By: Anit Mukherjee
Imagine: A newly-elected administration taps a globally-recognized technology leader with the mandate to improve government efficiency. He assembles an enthusiastic team of tech entrepreneurs from the private sector willing to work 80-hour weeks pro-bono. The clock starts ticking from Day 1, timelines are tight, and deadlines are non-negotiable. And all this under the glare of public attention and opposition from within the government and outside. It seems everyone is waiting for him to fail, so that they can return to business-as-usual and consign his ambitious project to the graveyard of ideas.
This may sound like the much-discussed Department of Government Efficiency (DOGE) that Elon Musk is set to run. But this is the story of Aadhaar, India’s biometric program, which started in 2009 to give a digital, verifiable identification to 1.3 billion people within a decade. At a time when high-speed broadband in India was 1 MBPS, cellphones were not smart, and only 10 percent of India’s population was connected to the Internet, the idea of online authentication to get a SIM card, open bank accounts, enroll in government programs, and get paid directly was still the stuff of science fiction. But within 15 years of the first Aadhaar number being issued, almost everyone in India now has one. More importantly, Aadhaar is used not just to verify people’s identity, but for them to access government services, file taxes, and receive subsidies and social security payments directly. All of this cuts down bureaucracy and red-tape. In other words, Aadhaar was a catalyst for the Indian government to transform its way of doing business, slash wasteful expenditure, and deliver benefits and services more efficiently.

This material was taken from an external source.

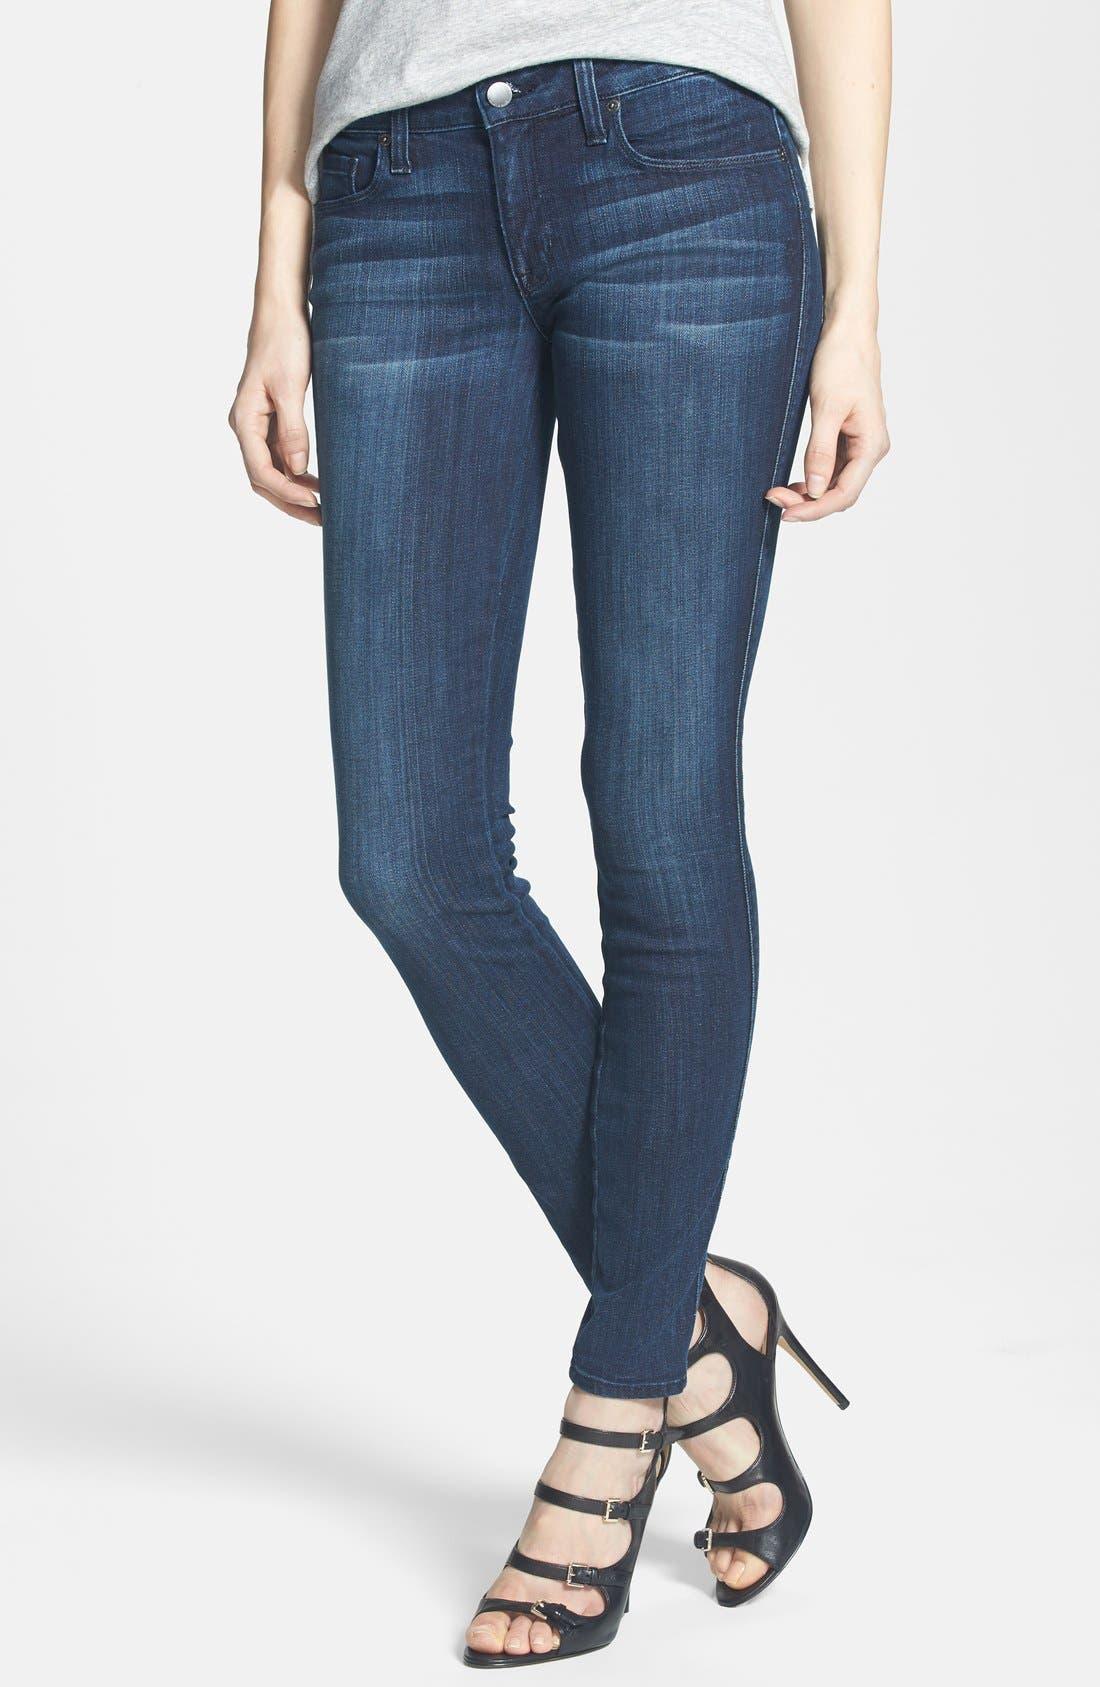 Main Image - Genetic 'Shya' Skinny Jeans (Hype)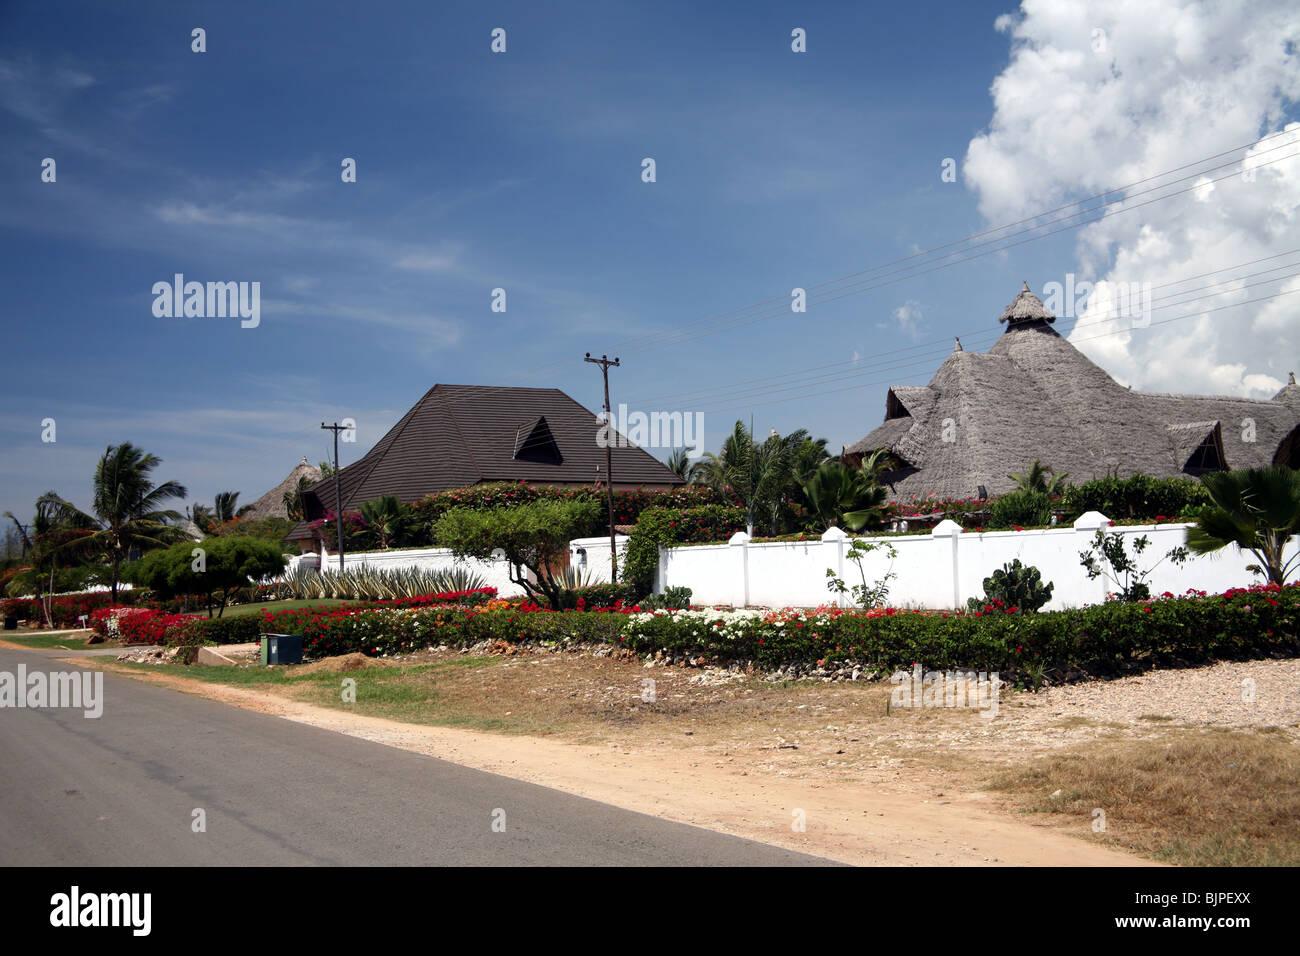 Tourist complex beach road Diani beach Kenya - Stock Image

As the DOGE team strides into the corridors of government in Washington, D.C., what can it learn from Aadhaar? First, government efficiency is about people. It is about making the lives of citizens better by reducing their transactions costs in dealing with the government. This pays off over time as people pay their taxes, businesses create more jobs, and governments know whom to support.
Second, government efficiency is about transforming processes. It is about identifying what is necessary for governments to reach people – and for people to reach the government. For example, there are still plenty of digital solutions to costly paper-based systems that are slow, cumbersome, and prone to fraud and mismanagement. Within two years of mandating Aadhaar verification, the Indian government was able to identify and remove “ghost” beneficiaries of some subsidy programs that saved nearly 25 percent of costs. Similarly, filing income taxes should take only a few steps for verification and filing, rather than be a cumbersome and costly process.
Finally, government efficiency is about showing impact, and fast. For that, one has to be strategic, pick the right battles, use the political ammunition well, and win the trust of those skeptical of the idea in the first place. Aadhaar’s impact was not only on how much the government saved money, but how easy it was to receive benefits, pensions, or tax refunds as a citizen. It also helps to start with a proof of concept. For example, the U.S. Department of Veteran’s Affairs could be for DOGE what energy subsidies were for India. People will start trusting the process once they see tangible benefits and not just claims of reducing trillions of dollars of expenditure. It may seem easier to reach targets through creative accounting, but it is more important to reduce the waiting time for a surgery for someone who has served for his or her country.
The path for the DOGE team might well be bumpy. But it will be necessary to dodge a few obstacles along the way in an effort to make the U.S. government work better for its citizens.
Anit Mukherjee is Senior Fellow for the Global Economics & Development program at ORF America.